» **GOAL OF THE EXERCISE**
Please transcribe exactly, and only, the lines of the data below between the line holding "Авточехлы Mazda CX-5 2011-2017 Nika" and the line holding "Winter Street Style Fashion 2015 (25)", inclusive.

» **DATA LISTING**

++++++++++

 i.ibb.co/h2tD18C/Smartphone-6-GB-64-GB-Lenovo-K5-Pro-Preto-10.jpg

++++++++++

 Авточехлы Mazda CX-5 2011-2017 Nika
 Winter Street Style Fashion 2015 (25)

++++++++++

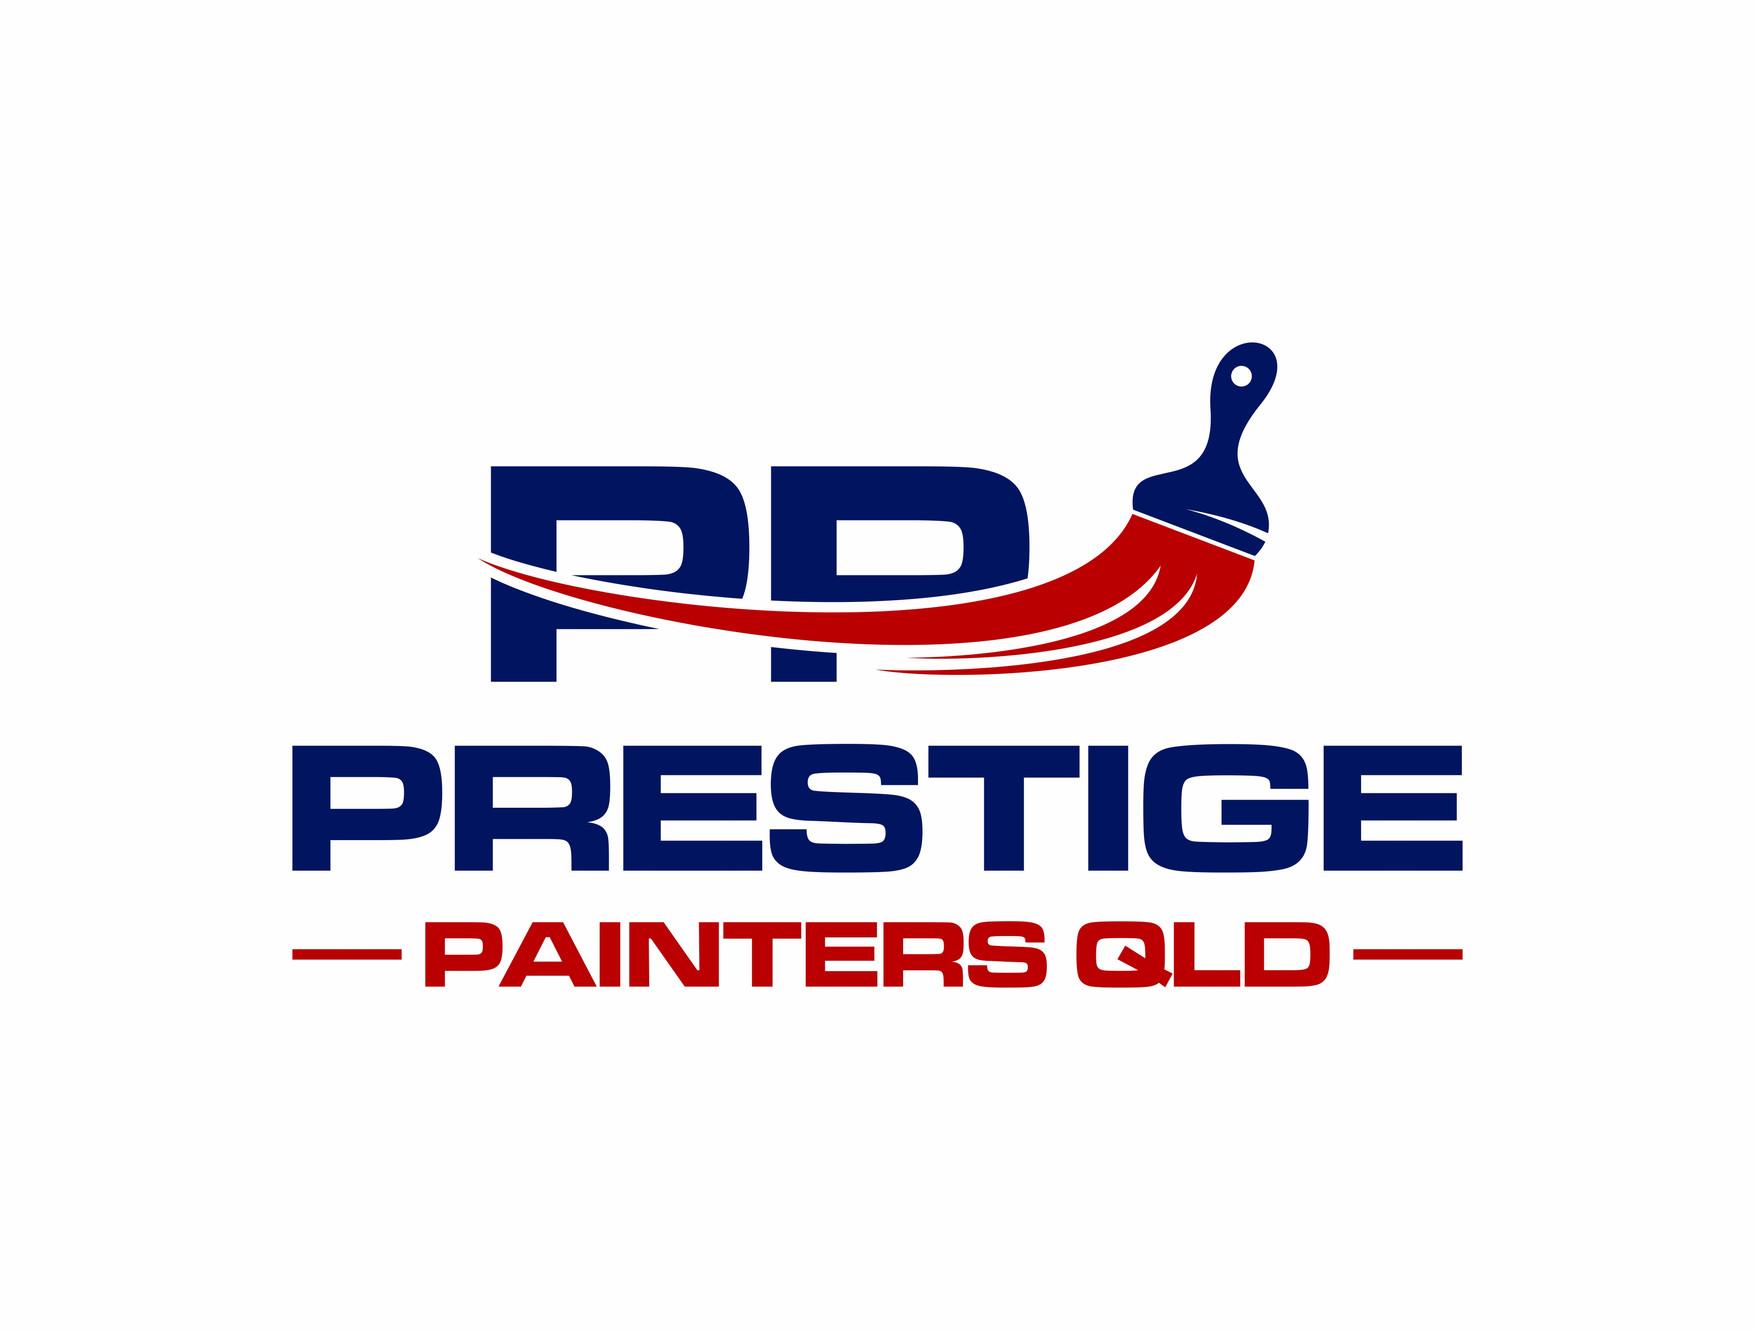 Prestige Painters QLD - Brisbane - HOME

++++++++++

» **SOLVED EXERCISE**
 Авточехлы Mazda CX-5 2011-2017 Nika
 Winter Street Style Fashion 2015 (25)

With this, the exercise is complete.